Auto-Generated Insights: AI-Driven Data Discovery

Auto-generated insights use AI to automatically discover patterns, anomalies, and trends in your data. This guide covers building insight generation systems.

Types of Automated Insights

from enum import Enum
from dataclasses import dataclass
from typing import List, Dict, Optional

class InsightType(Enum):
    TREND = "trend"  # Changes over time
    ANOMALY = "anomaly"  # Unusual values
    CORRELATION = "correlation"  # Relationships
    DISTRIBUTION = "distribution"  # Data shape
    COMPARISON = "comparison"  # Segment differences
    DRIVER = "driver"  # Contributing factors

@dataclass
class Insight:
    type: InsightType
    title: str
    description: str
    importance: float  # 0-1
    data_points: List[Dict]
    visualization: Optional[Dict] = None
    actions: Optional[List[str]] = None

Insight Generation Engine

import numpy as np
import pandas as pd
from scipy import stats
from typing import List, Dict
import anthropic

class InsightEngine:
    """Generate insights automatically from data"""

    def __init__(self):
        self.client = anthropic.Anthropic()

    def generate_insights(
        self,
        df: pd.DataFrame,
        metric_columns: List[str],
        dimension_columns: List[str],
        date_column: Optional[str] = None
    ) -> List[Insight]:
        """Generate all types of insights from dataframe"""

        insights = []

        # Trend insights
        if date_column:
            insights.extend(
                self._find_trends(df, metric_columns, date_column)
            )

        # Anomaly insights
        insights.extend(
            self._find_anomalies(df, metric_columns)
        )

        # Correlation insights
        insights.extend(
            self._find_correlations(df, metric_columns)
        )

        # Distribution insights
        insights.extend(
            self._find_distribution_insights(df, metric_columns)
        )

        # Comparison insights
        for dim in dimension_columns:
            insights.extend(
                self._find_comparisons(df, metric_columns, dim)
            )

        # Driver analysis
        for metric in metric_columns:
            insights.extend(
                self._find_drivers(df, metric, dimension_columns)
            )

        # Rank and return top insights
        insights.sort(key=lambda x: x.importance, reverse=True)
        return insights[:10]  # Top 10 insights

    def _find_trends(
        self,
        df: pd.DataFrame,
        metrics: List[str],
        date_col: str
    ) -> List[Insight]:
        """Identify significant trends"""

        insights = []

        for metric in metrics:
            # Group by date and calculate trend
            trend_df = df.groupby(date_col)[metric].sum().reset_index()

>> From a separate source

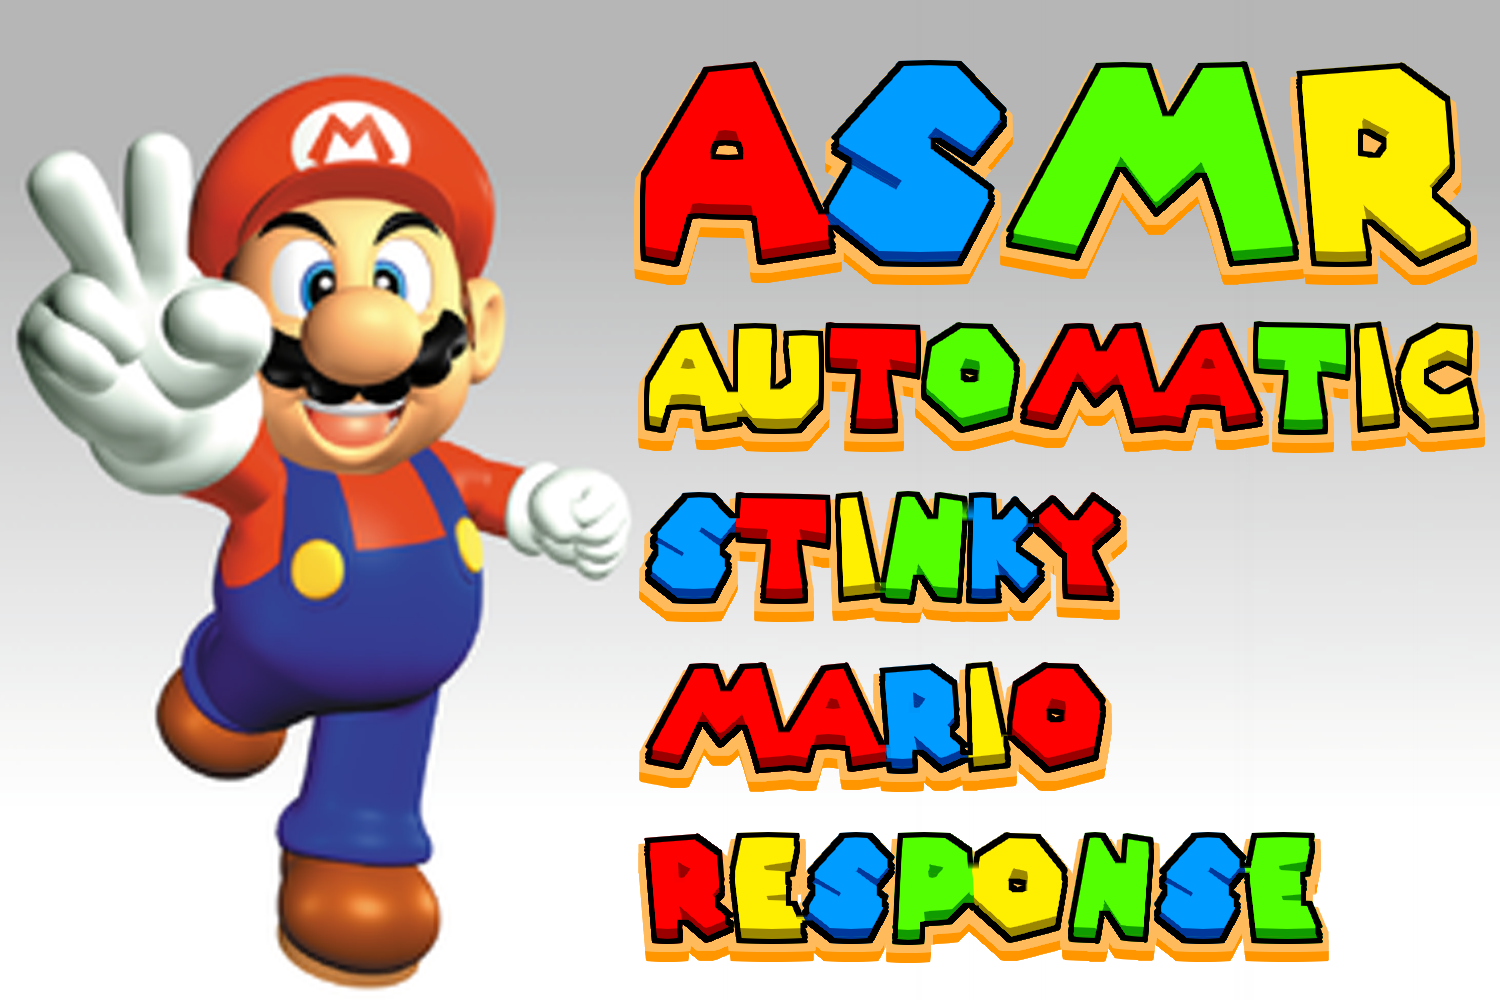 3d render of mario with an excited face and peace sign on a white=grey gradient background. the text on the right says ASMR: Automatic Stinky Mario Response in a style that replicates the mario logo color and font.

            if len(trend_df) < 3:
                continue

            # Calculate trend direction and strength
            x = np.arange(len(trend_df))
            y = trend_df[metric].values

            slope, intercept, r_value, p_value, std_err = stats.linregress(x, y)

            if p_value < 0.05 and abs(r_value) > 0.7:
                direction = "increasing" if slope > 0 else "decreasing"
                pct_change = ((y[-1] - y[0]) / y[0]) * 100

                importance = min(abs(r_value) * abs(pct_change) / 100, 1.0)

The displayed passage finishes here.